# WHAT YOU ARE ASKED TO DO
No picture should appear in the copy. Transcribe exactly, and only, the lines from the one with "Principal Laura Garza" through the last line of the data below.

# GIVEN INFORMATION

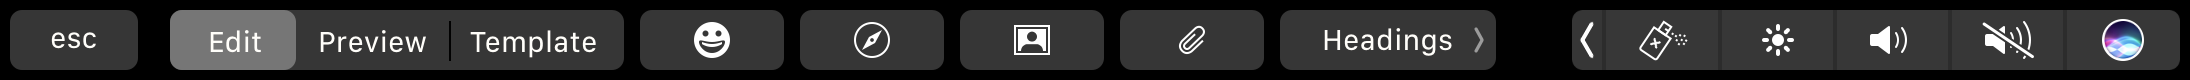 HTML Editor Touch Bar
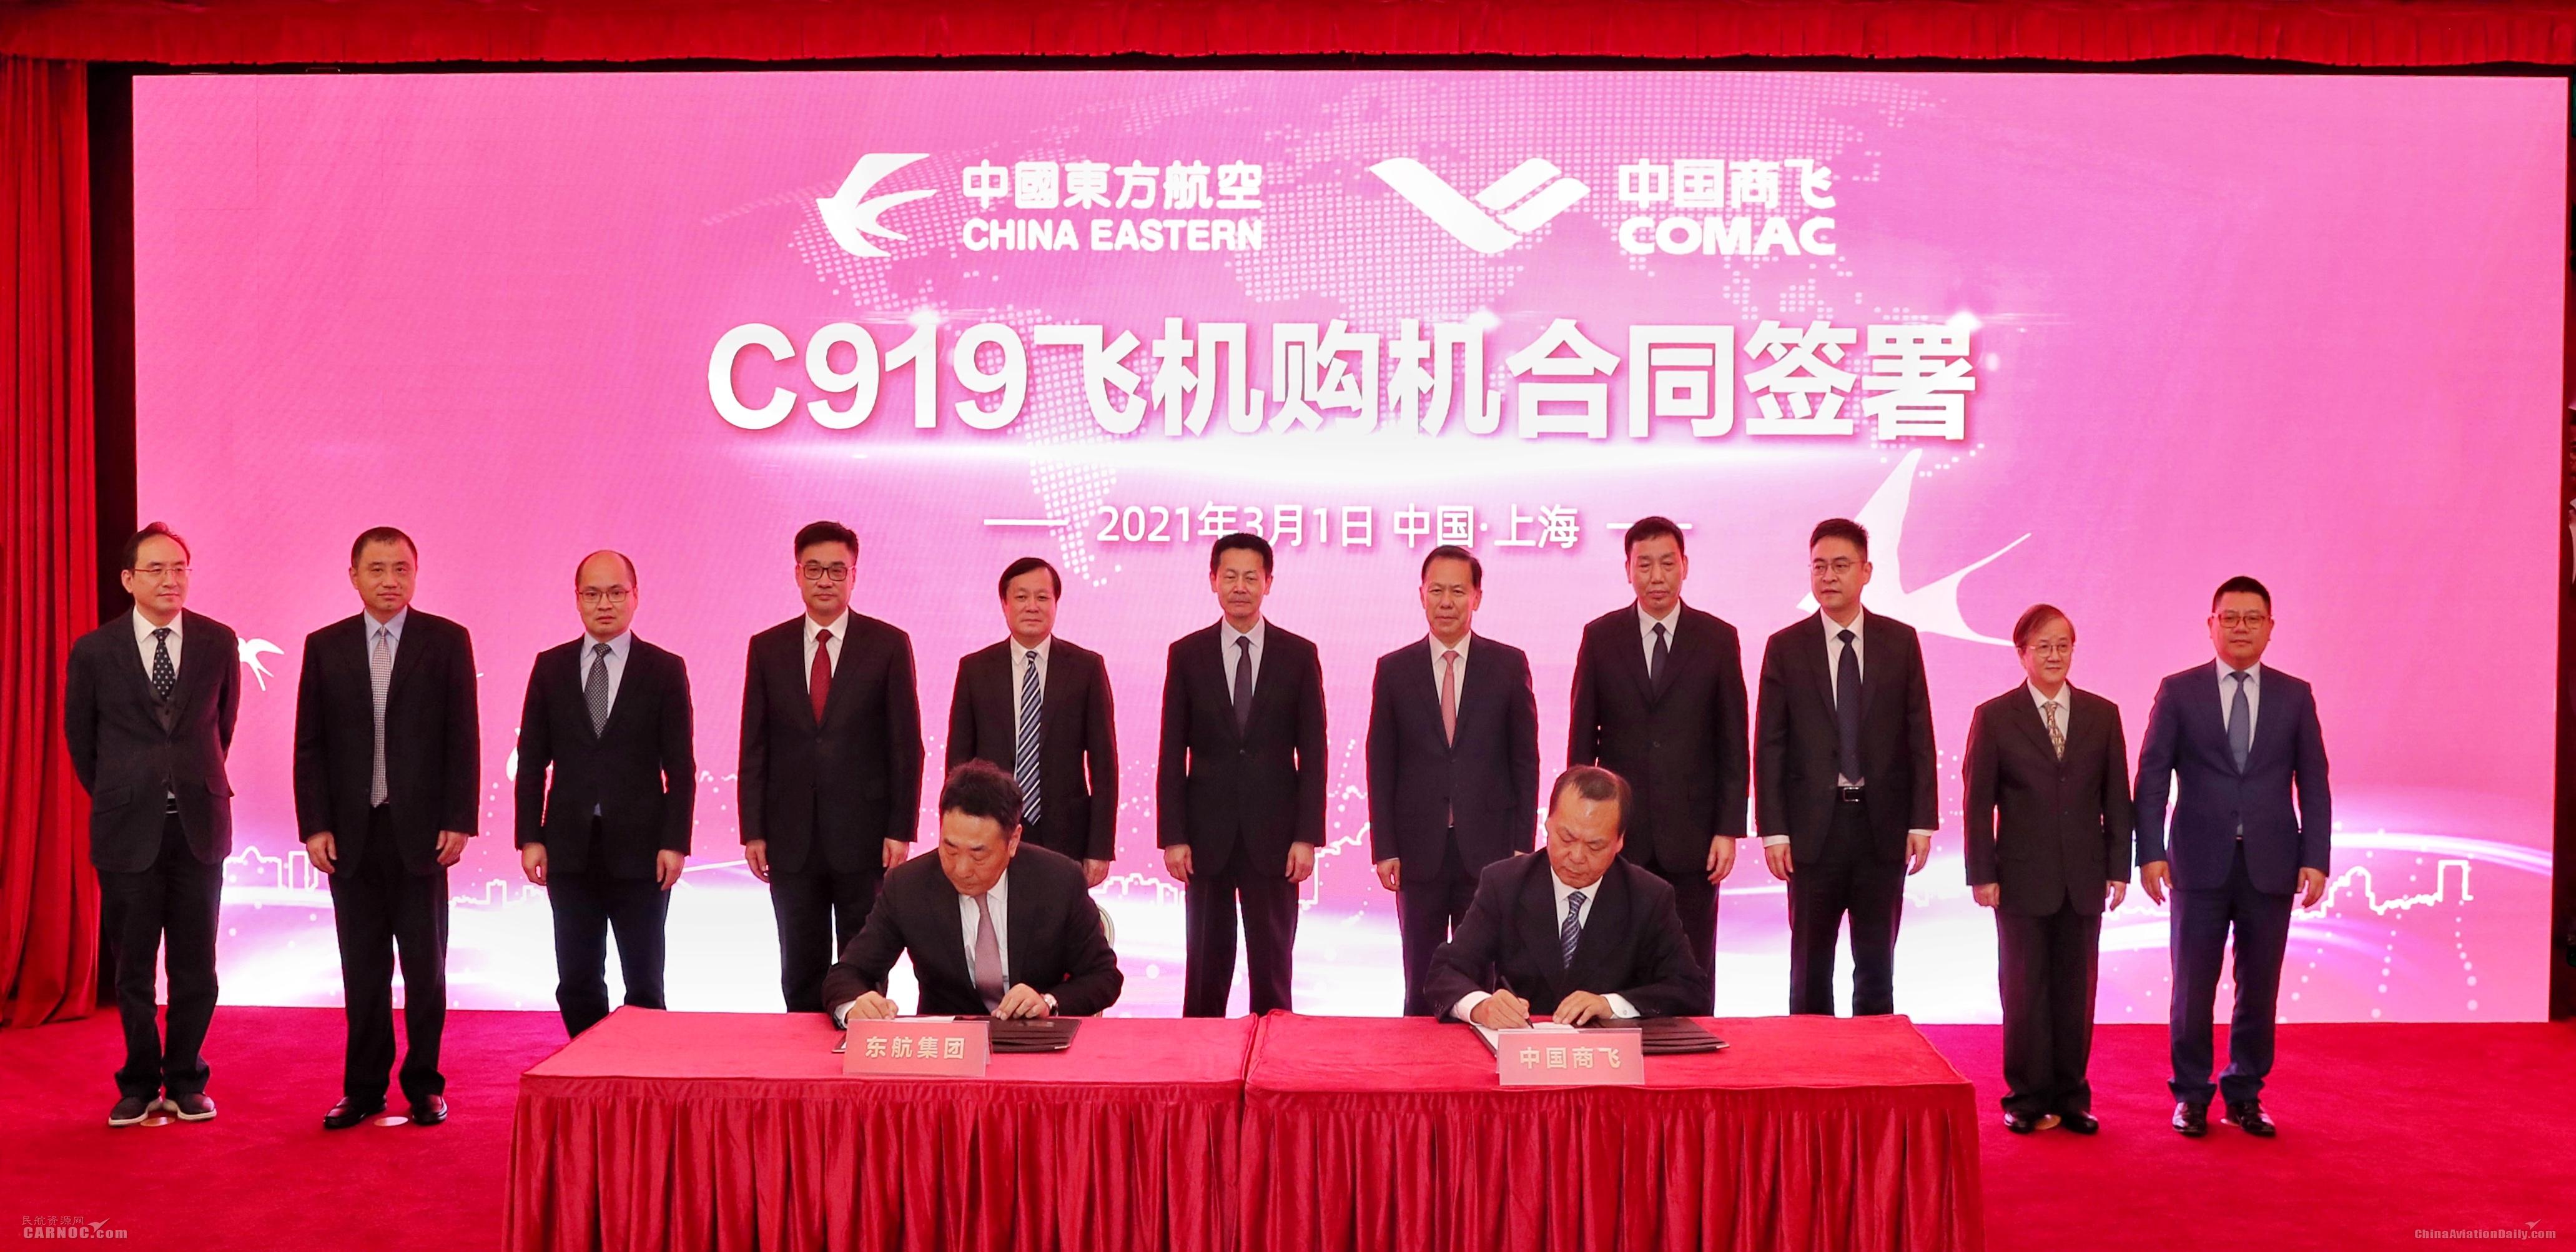 C919全球首单正式落地!东航与中国商飞正式签署首批5架C919购机合同
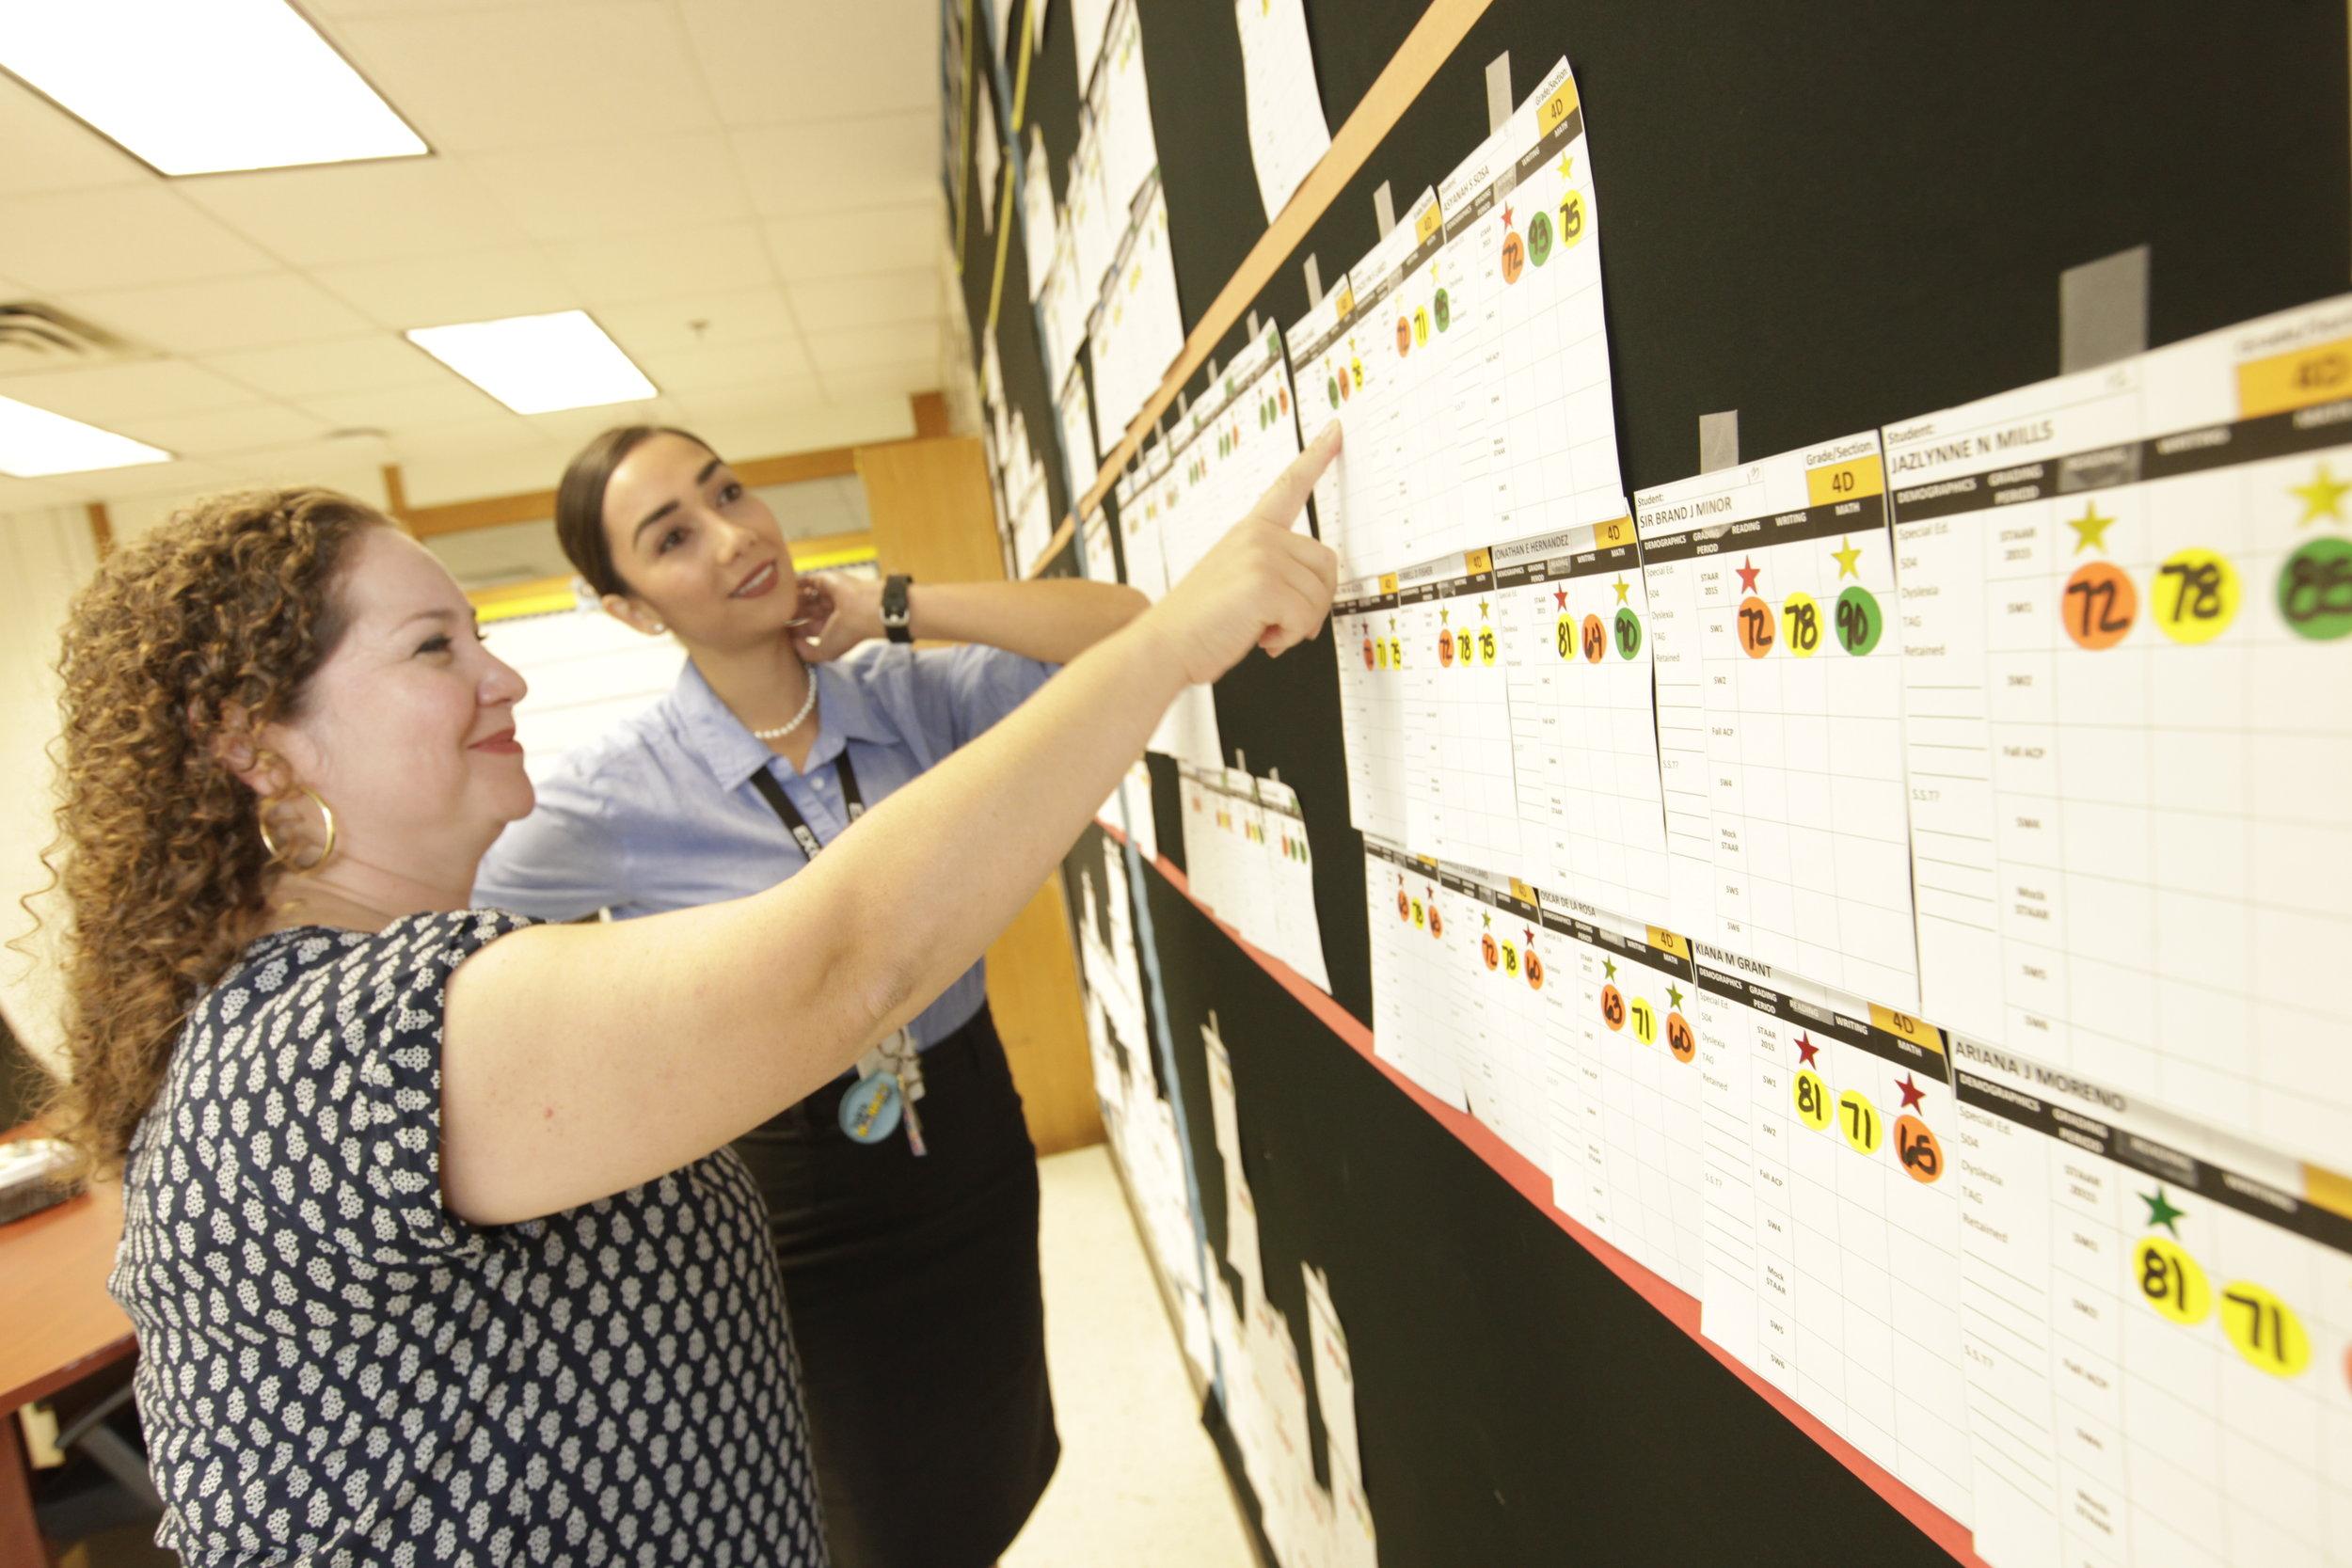 Principal Laura Garza and Math Instructional Coach Alicia Iwasko review individual student data on the school's data wall.
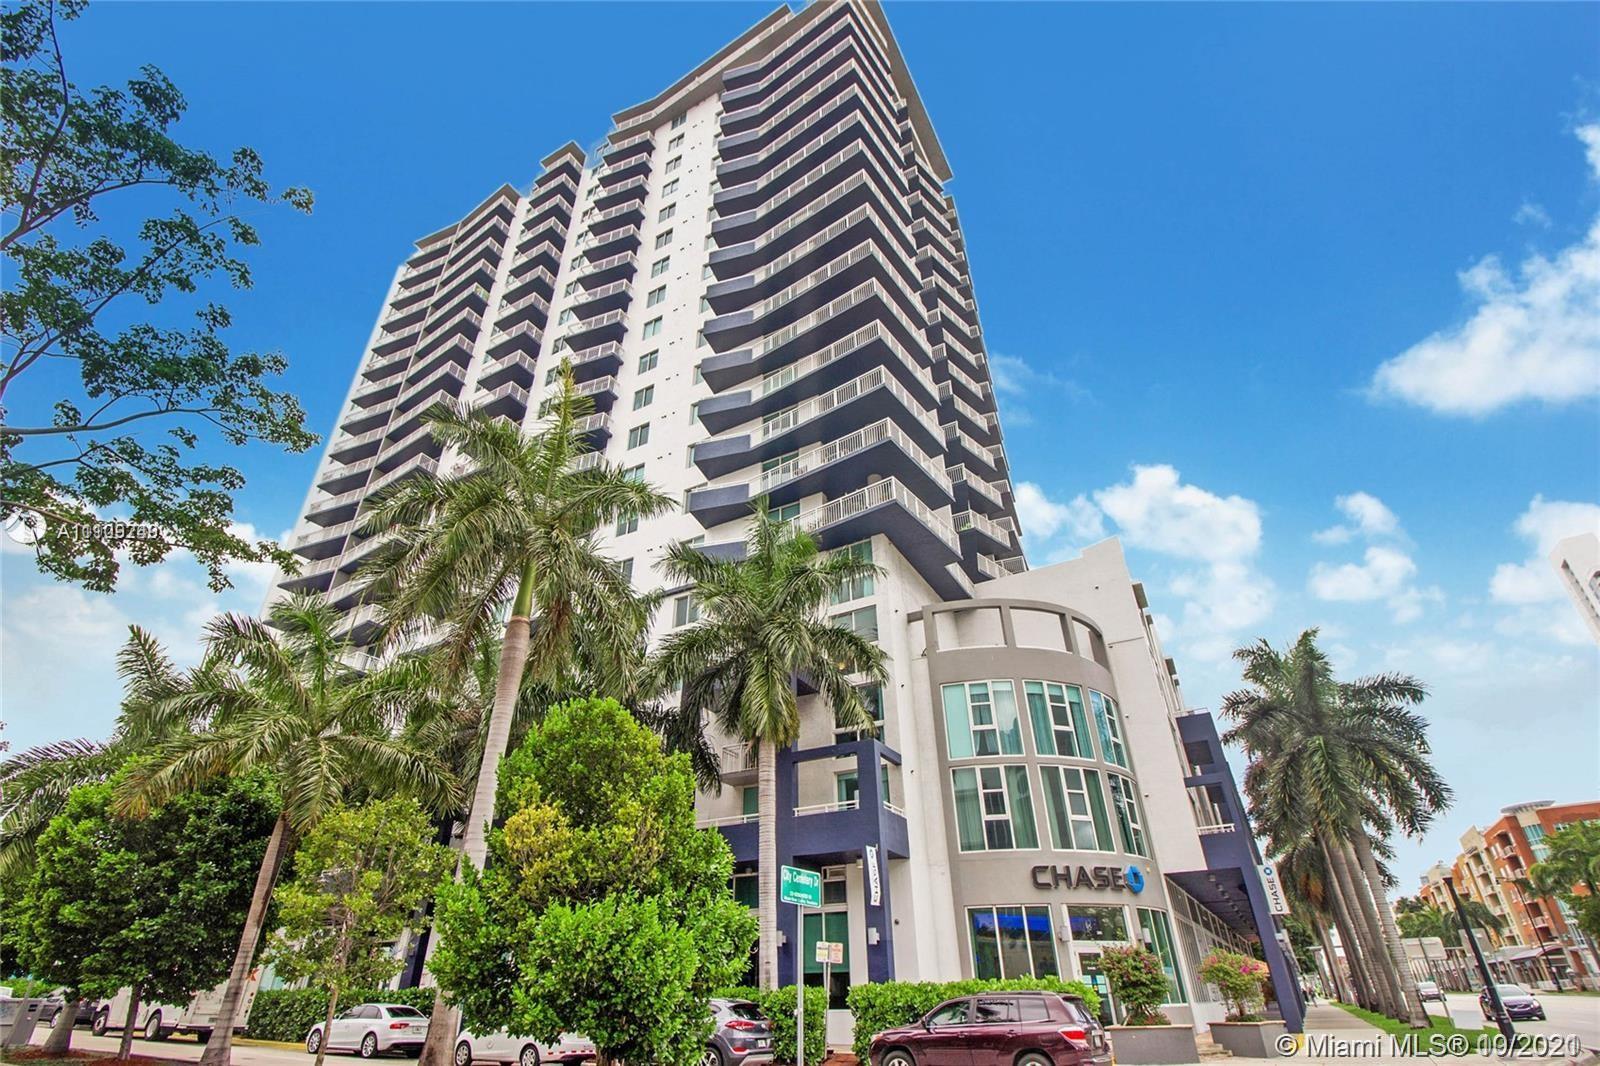 1800 Biscayne Plaza #708 - 275 NE 18th St #708, Miami, FL 33132

# ANSWER TO THIS EXERCISE
 Principal Laura Garza and Math Instructional Coach Alicia Iwasko review individual student data on the school's data wall.
 1800 Biscayne Plaza #708 - 275 NE 18th St #708, Miami, FL 33132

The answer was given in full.